The lower pH of SC correlates with enhanced function in darkly pigmented skin

As both epidermal permeability barrier function and SC integrity/cohesion are regulated by changes in SC pH (Hachem et al., 2003, 2005, 2006), we next assessed SC pH in type IV–V versus I–II subjects. The darkly pigmented subjects showed a significantly more acidic surface pH than lightly pigmented subjects over two different body surfaces (volar forearm pH 4.6 ± 0.03 vs 5.0 ± 0.04, P < 0.0001) (Figure 3). These differences in surface pH were independent of gender or occupation (both cohorts were primarily female nursing personnel, aged 20–40 years) (Table 1). Moreover, latitude-dependent differences were not responsible, as similar pH values were found in both the darkly versus lightly pigmented San Francisco cohort (c.f. Figure 2). Thus, pigment-type-dependent differences in epidermal function correlate with differences in SC acidification.

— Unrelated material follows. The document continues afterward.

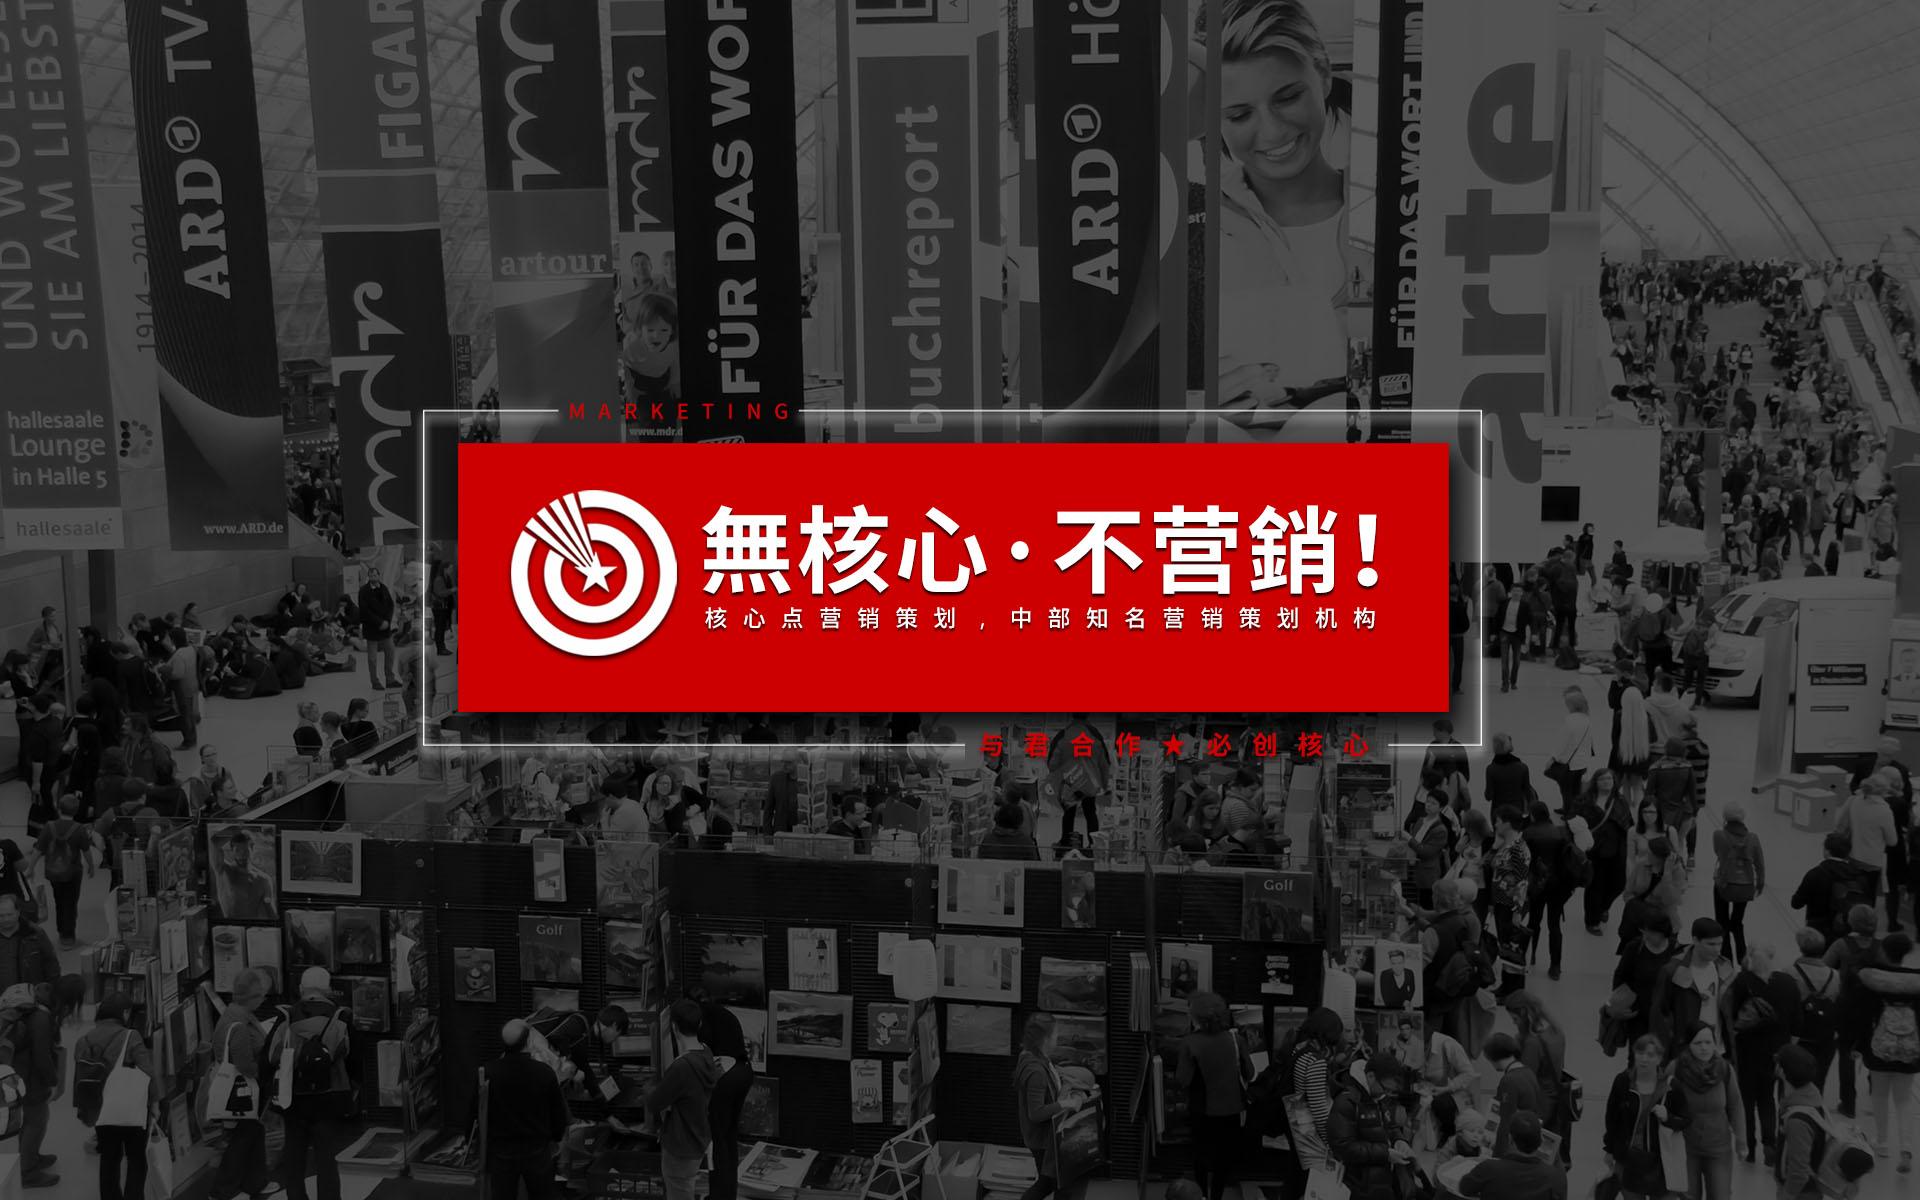 武汉核心点营销策划公司

Figure 3. Type IV–V subjects have more acidic SC surface pH.

Figure 3

Surface pH of the (a) volar forearm and (b) dorsum of the hand was measured in two age-matched groups of German (n = 110, 72 females, age 29 ± 6.6) and Sri Lankan (n = 129, 117 females, age 25 ± 2.1) nurses with type I–II and IV–V skin using a flat glass electrode. Type IV–V subjects had significantly more acidic surface pH. Results shown represent means ± SEM.

Increased epidermal lipid content and lamellar body density in darkly pigmented subjects

To identify mechanism(s) that could account for pigment-type-dependent differences in barrier function, we next assessed epidermal lipid content and lamellar body (LB) secretion in type I–II versus IV–V subjects (all samples were from the San Francisco cohort). Subjects with type IV–V skin showed a visible increase in the density of LB in the stratum granulosum in comparison with type I–II epidermis (Figures 4a and b), a finding that was confirmed quantitatively (Figure 4c). Increased LB production correlated with a readily apparent increase in epidermal lipid content, shown in frozen sections stained with Nile Red (Figures 4d and e). Yet, there were no observable differences in the quality or quantities of lamellar bilayer structure between the two pigment groups (not shown). These results suggest that increased epidermal lipid production, leading to increased LB numbers and secretion, could contribute to enhanced barrier function of darkly pigmented skin.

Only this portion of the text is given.